エインガナ
Eingana

 
容姿・特徴 虹蛇。無限の砂漠に横たわる大蛇。生き物の踵に結ばれた紐を握る
出典 アボリジニの伝承
解説 ビエインガナと呼ばれる原始の時代に存在した始祖蛇。世界や人間を造った母とされ、オーストラリアの人々に崇拝された。

何も無い無限の砂漠に飽きたエインガナは、水、石、木、風、火など世界に存在する全てを作り出し、人間を初めとする全ての生命を身ごもって水に潜った。
次にエインガナは水辺に浮かび上がるが、全ての命を身ごもった陣痛の苦しみに泣き叫んだ。その時、世界を旅していた老いた精霊バルライヤが、エインガナが転げ回り叫ぶ声を聞いてその肛門に槍を突き刺した。すると傷から血が流れ出して全ての人間が生まれた。こうして、最初は子供を口から吐き出さなければならなかった生物たちはエインガナと同じ方法で子供を生むようになったのだ。

しかし生まれた人間はエインガナに見向きもせず遠くへ行こうとした。これを見たエインガナは「お前たちが私の言う事を聞き、私の指示に従う事が私の意思」、そう言って再び人間を胎内に飲み込んだ。そして、人間と、人間の他の様々な生き物や虹蛇として吐き出して、トゥーンと呼ばれる腱で作った紐を全ての生き物に結びつけ、その端を掴んだ。
エインガナがこの紐の端を離すと生き物は死んでしまう。だから全ての生き物はエインガナを母と呼んだ。
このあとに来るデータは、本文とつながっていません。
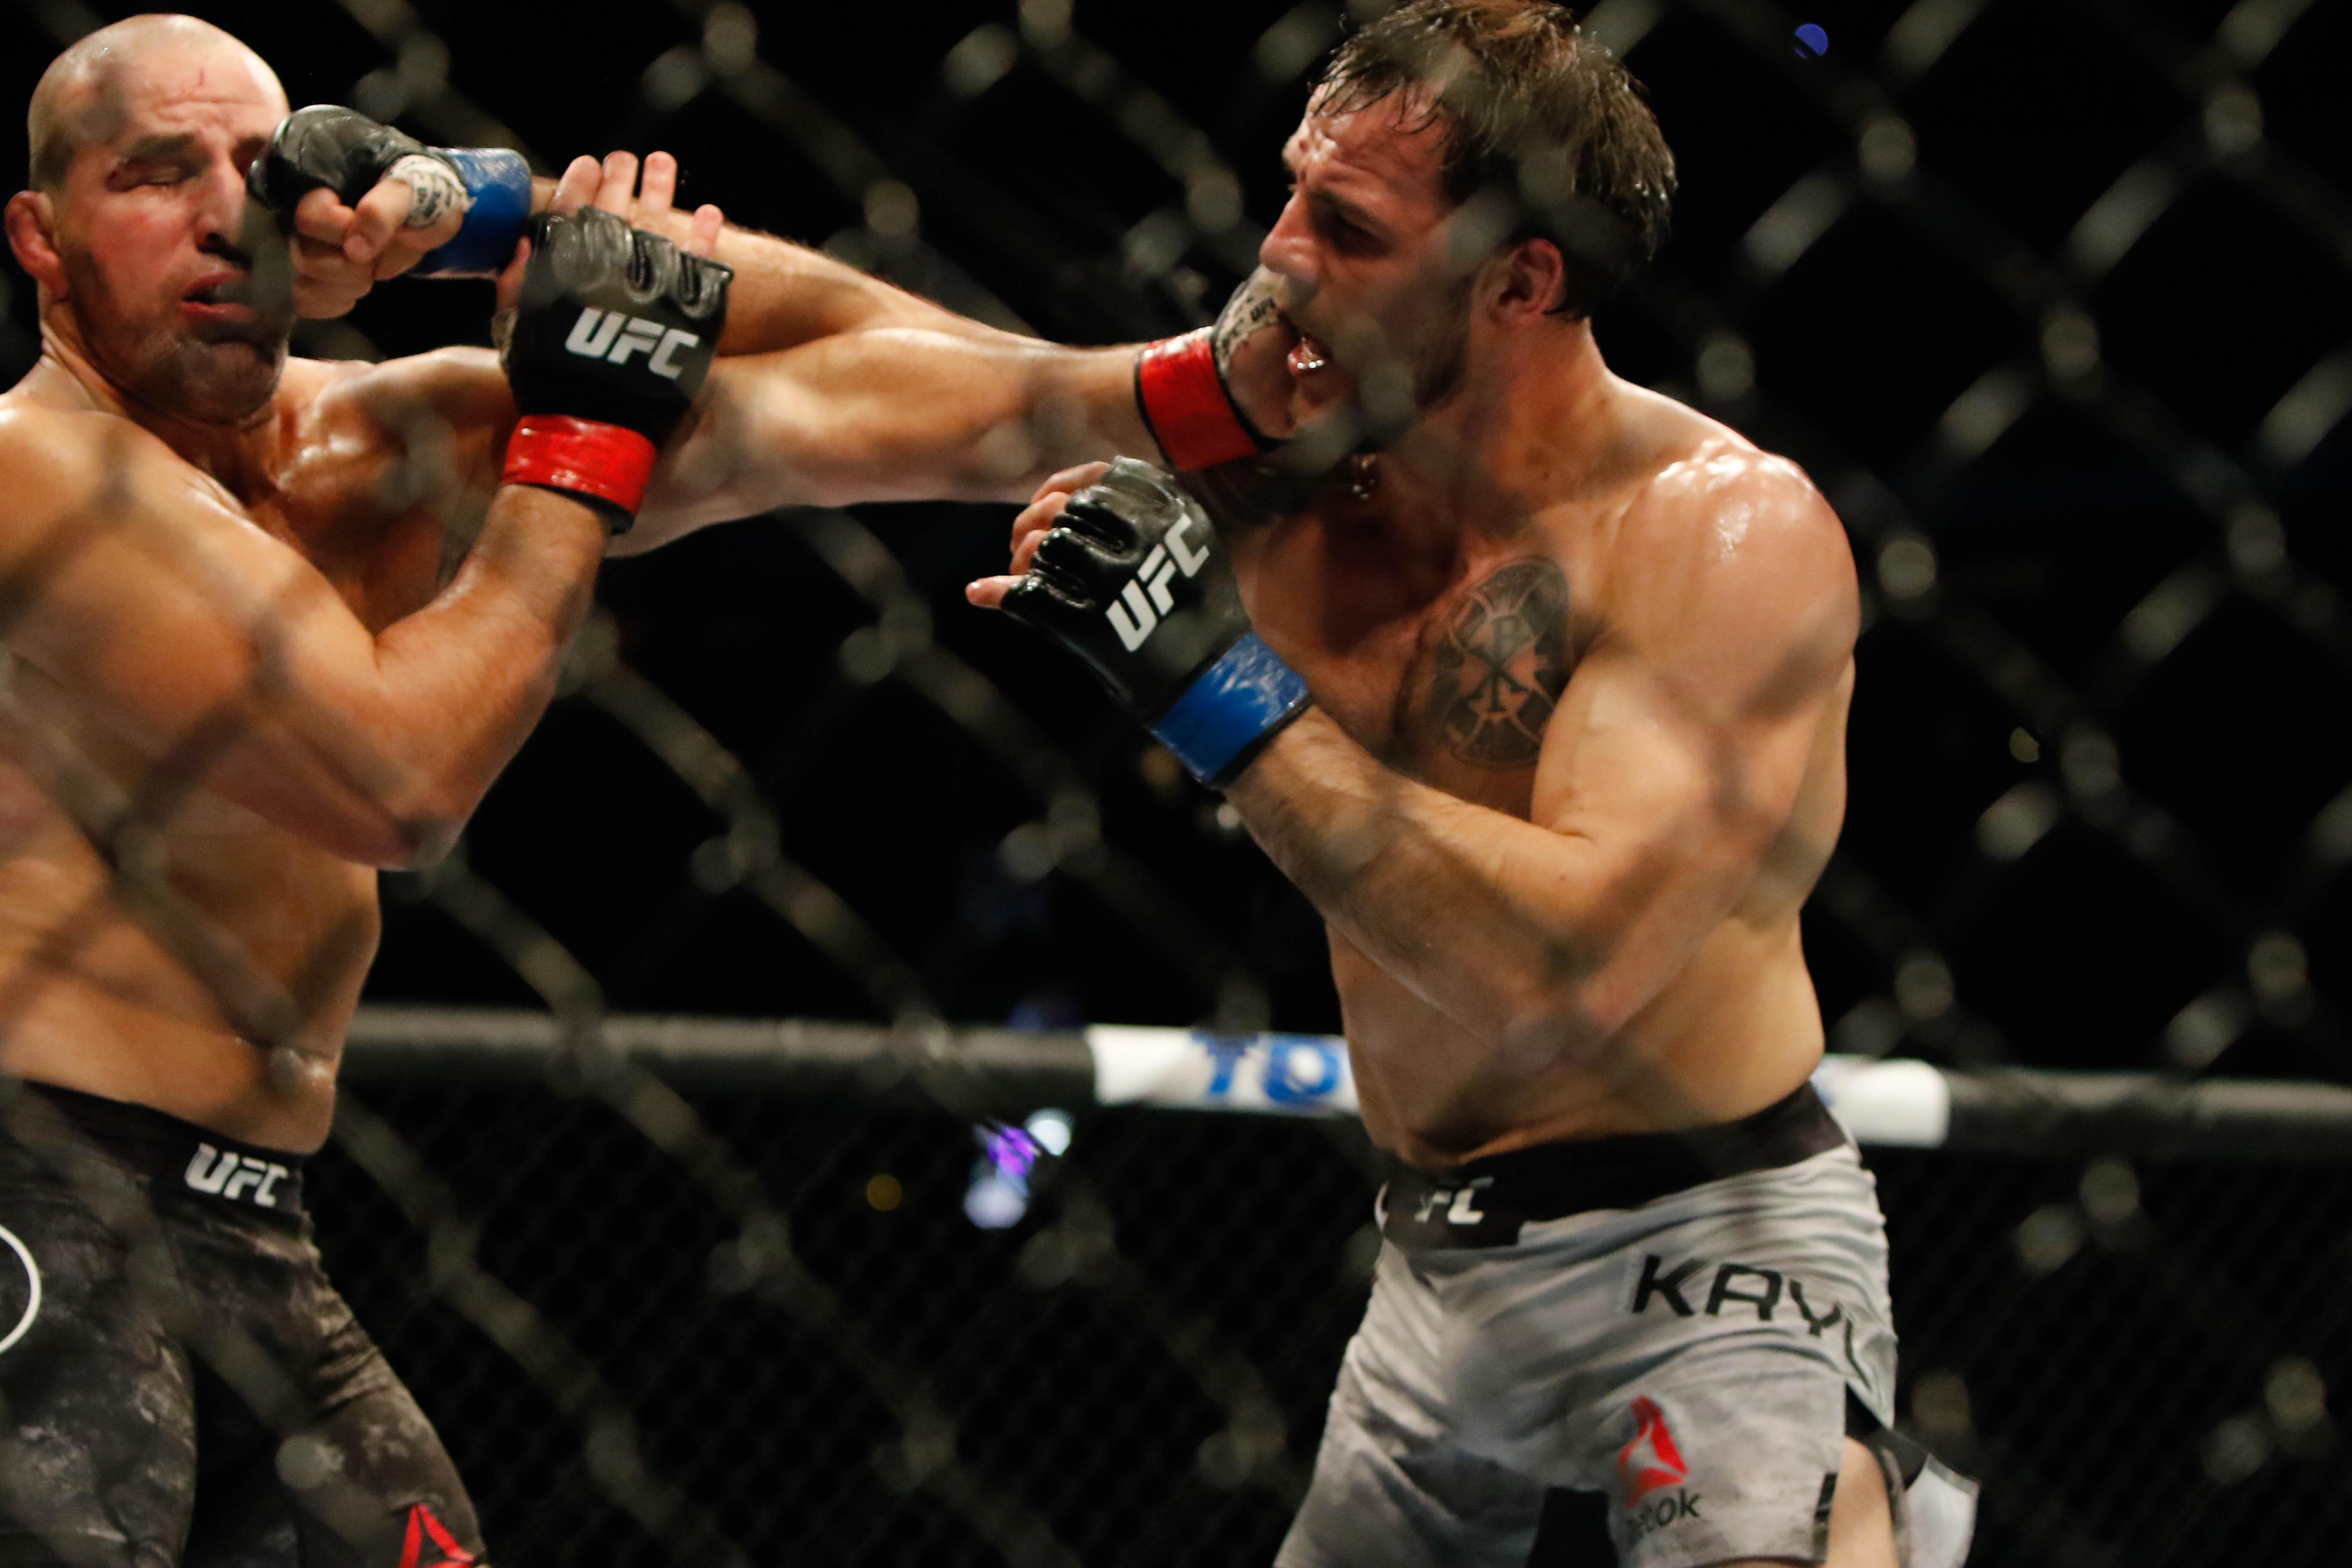 CT_bpp_UFC_teixeira_krylov-14092019-100.

エインガナは今でもどこかに住んでいるとされるが、その姿は誰も見る事が出来ない。
エインガナは水の真ん中の洞穴を住処とし、乾季の終わりが近づくと雨を降らし、雨季になって水が増えると大水の真ん中に立ち上がる。そして大水が引くとエンガナは帰って行く。

エインガナが再び戻って姿を現すときは、全ての生命を自由にするという。